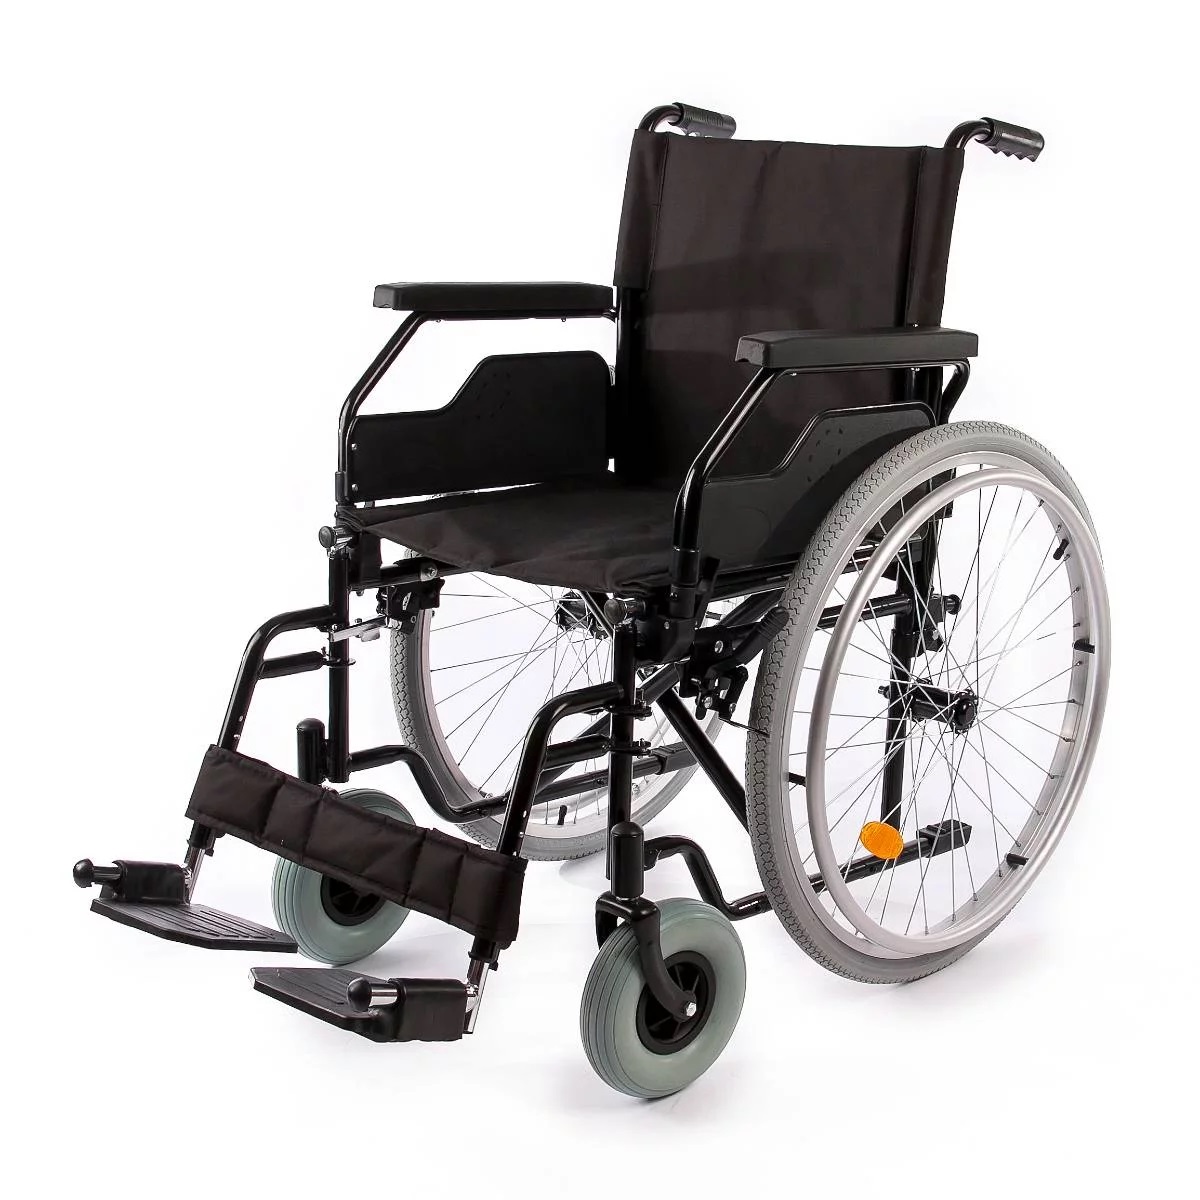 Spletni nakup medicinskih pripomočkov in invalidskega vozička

...

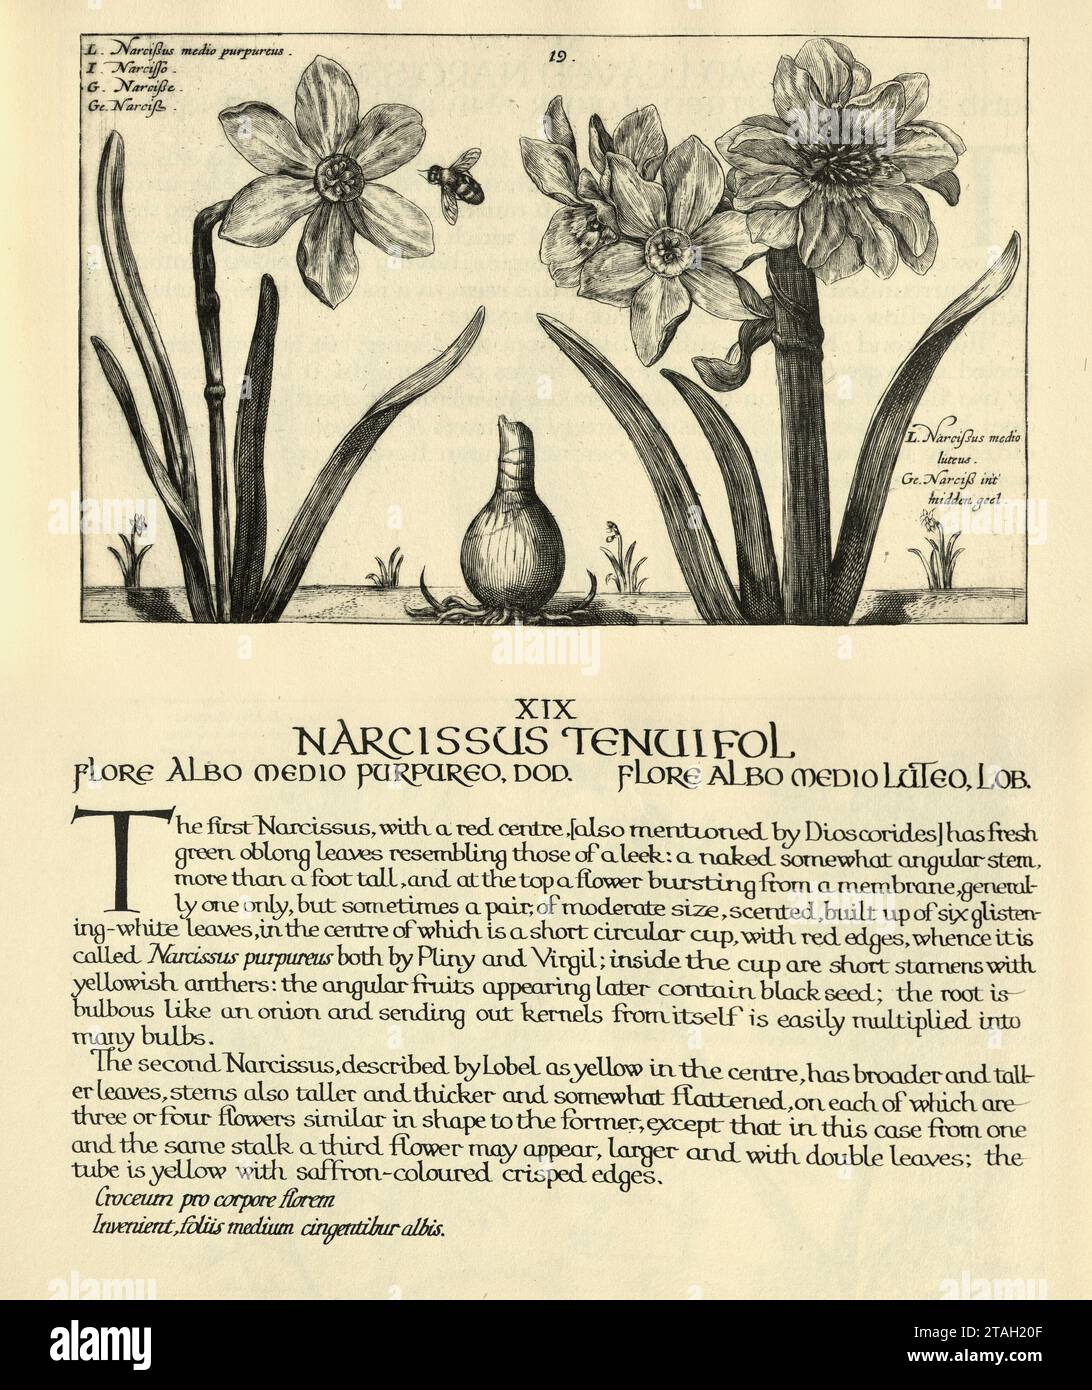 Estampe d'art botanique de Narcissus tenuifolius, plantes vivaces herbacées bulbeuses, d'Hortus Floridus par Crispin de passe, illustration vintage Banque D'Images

...

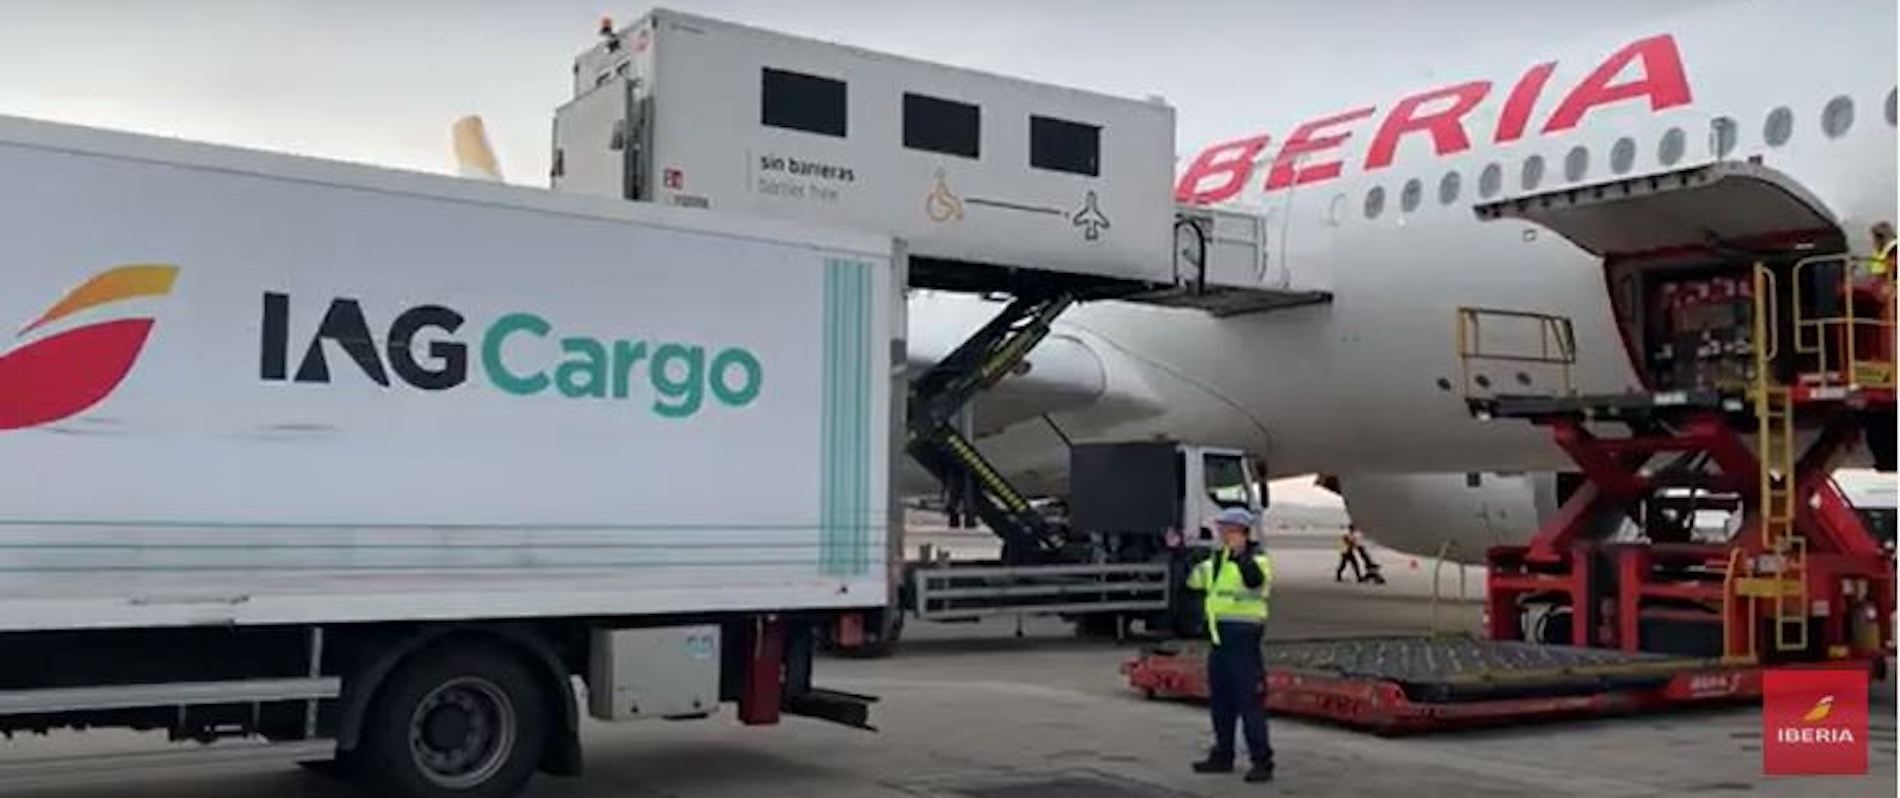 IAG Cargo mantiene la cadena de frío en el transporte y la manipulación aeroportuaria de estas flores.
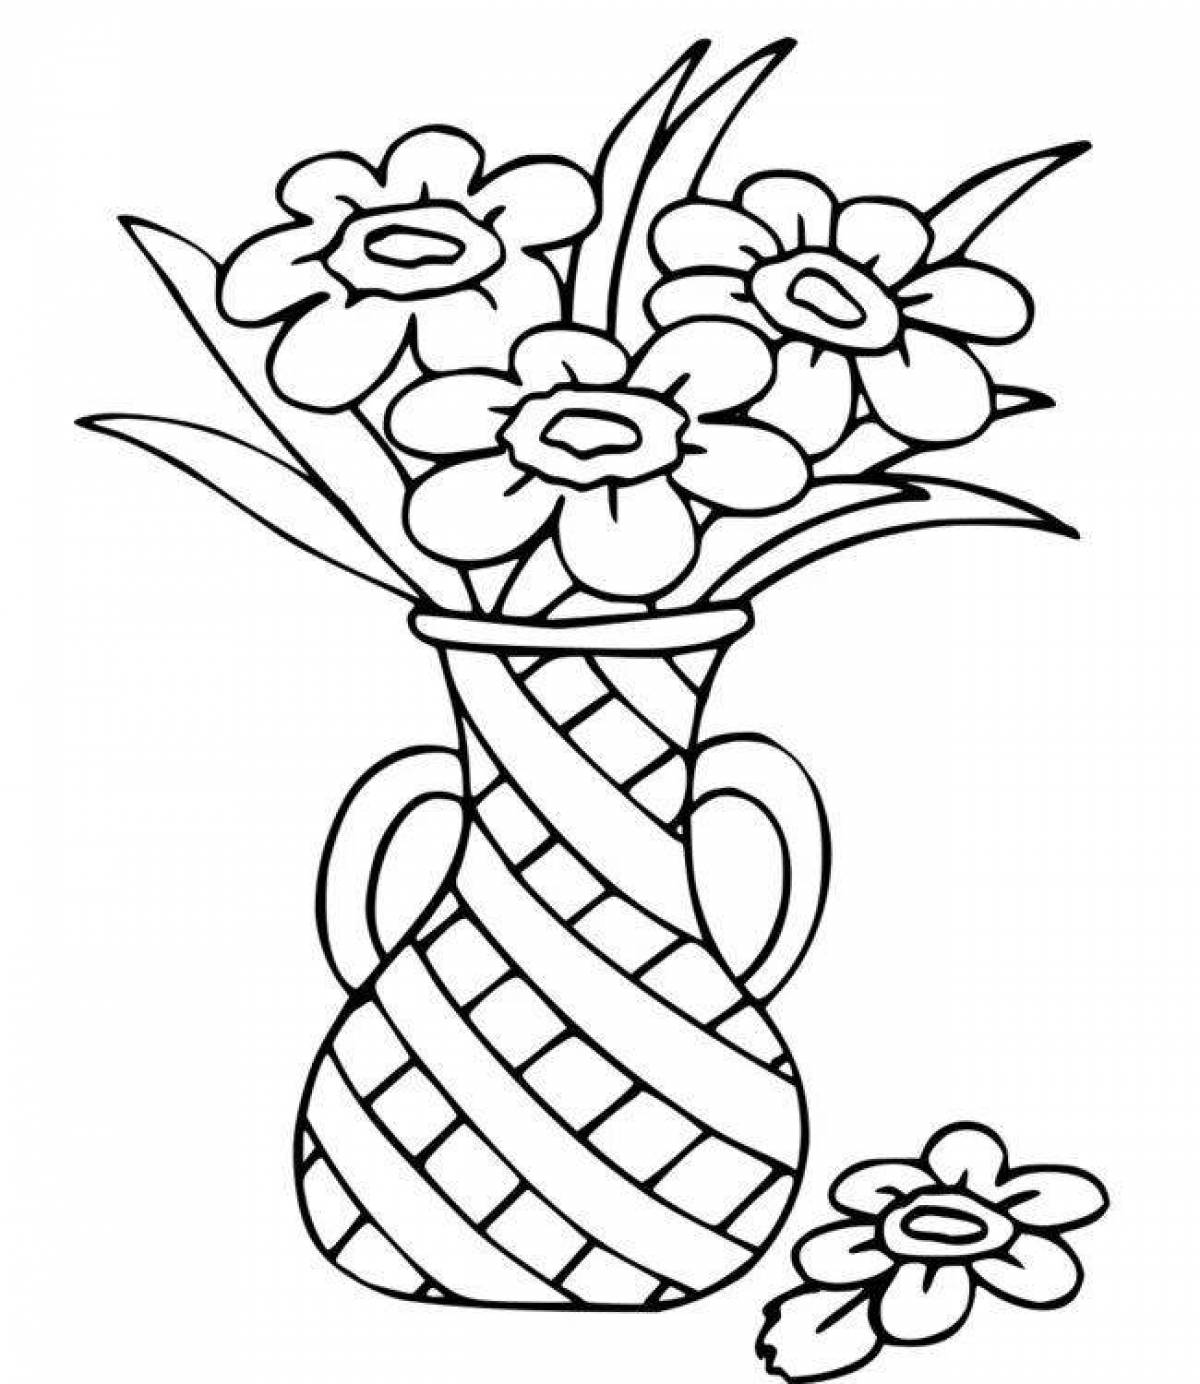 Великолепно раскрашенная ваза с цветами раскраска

*Exercise details*:
Would you output the lines above from the line holding "IAG Cargo mantiene" up to and including the line holding "Великолепно раскрашенная ваза", exactly and only those, with no pictures?

*Task answer*:
 IAG Cargo mantiene la cadena de frío en el transporte y la manipulación aeroportuaria de estas flores.
 Великолепно раскрашенная ваза с цветами раскраска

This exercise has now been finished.